Wednesday, July 21, 2010

Just in Time for 'Recovery Summer'- Extended Jobless Benefits!

Last month, President Obama and VP Joe Biden announced the launch of what the White House dubbed 'Recovery Summer' in which they claim the Stimulus and other Administration policies- without any hint of irony- were creating jobs.

Fresh off his rambling dud of an address from the Oval Office last month that even partisan hacks like Keith Olberman and Chris Matthews couldn't defend, Obama and White House officials have decided to hit the road to promote 'Recovery Summer'. That is when they're not taking a much needed vacation or killing off what's left of the Gulf Coast economy.

The President himself has been visiting places like a new Compact Power battery plant under construction in Holland, Michigan earlier this month. Compact is a subsidiary of LG Corp [NYSE: LPL], and the South Korean based company had received more than US$150 million in Stimulus funds to open up the Michigan plant. Many of the batteries will reportedly be used for GM's Chevy Volt electric vehicle. Obama's Michigan visit came a week after touring an electric truck factory in Kansas City, Mo.

However, the President's exhortations to the Senate to pass an unemployment benefits extension this week undercut the happy talk that had been taking place since the American Recovery and Reinvestment Act (ARRA, i.e. 'the Stimulus') passed last spring.

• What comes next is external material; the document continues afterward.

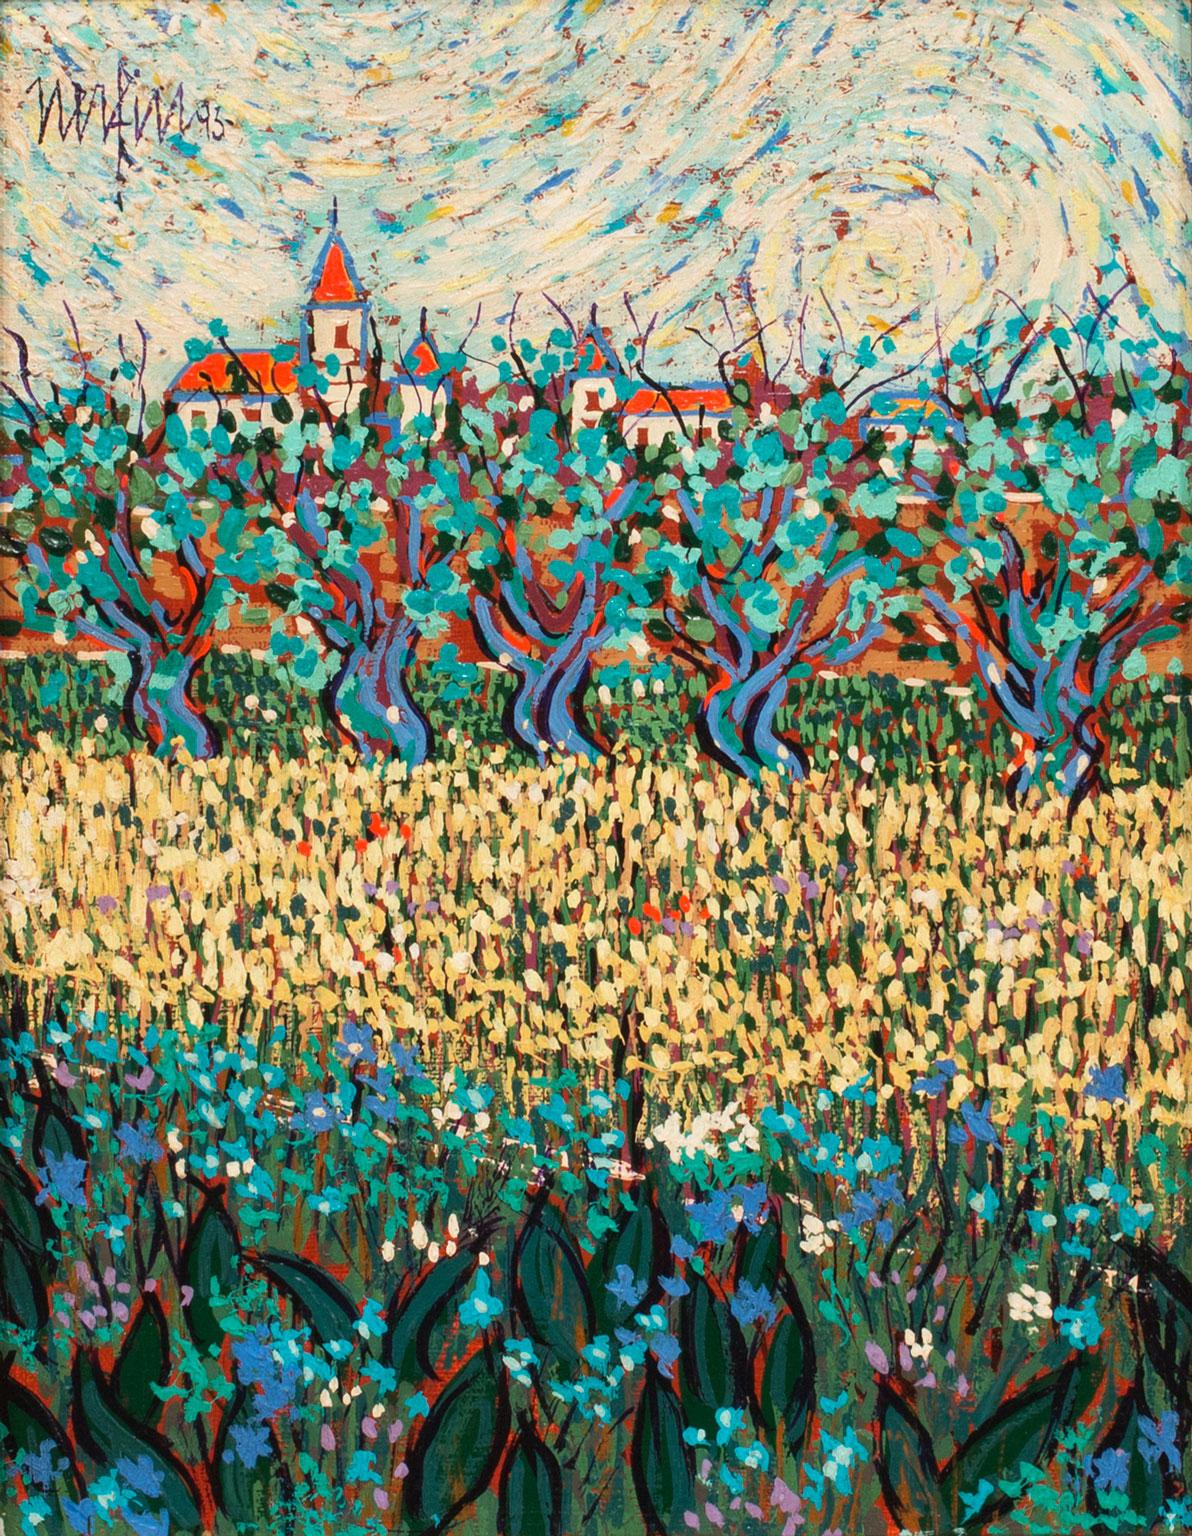 Untitled Abstract Landscape, an original oil on canvas by Jean Nerfin, is a piece for the true collector. Nerfin's use of color and a combined Post-Impressionist-Fauvism-Pointillism style speaks to a unique style of his own. His works have

While Obama and other Administration officials have been speechifying across the country to promote the Stimulus, the Senate voted by a 59-39 margin to extend unemployment benefits into November.

This raises a few questions, however. First of all, if this nation is in a 'recovery' and the Stimulus worked, then why the urgency to extend unemployment benefits? Having the bill lapse in November is also suspect, since it's highly unlikely there will be any significant improvement in the economic outlook between now and then. It seems as though the Democrat majority in both houses are trying to artificially create an issue right before the November mid-term elections instead of attempting to improve the economy.

Republicans in both houses have proposed that funds for the unemployment extensions be offset with budget cuts from elsewhere or paid with unspent Stimulus money instead of being added to the Federal Budget deficit.

The jobless benefits extension is expected to move quickly through the House of Representatives (whose lamprey-like Speaker apparently thinks that unemployment checks and Stimulus are one and the same) before being signed by President Obama, who will no doubt be speechifying some more to try and convince Americans that his stimulus plan really is working.

He would be only partially correct, though. Shortly after the passage of the Dodd-Frank bill, the Securities & Exchanges Commission announced that they would need to hire at least 800 additional workers to enforce the bill's new mandates.

So far under the Obama Administration, government has been the only growth industry.

2 comments:

  1. That's what Obammy wants. Bigger givernment, and frak the rest of the work force.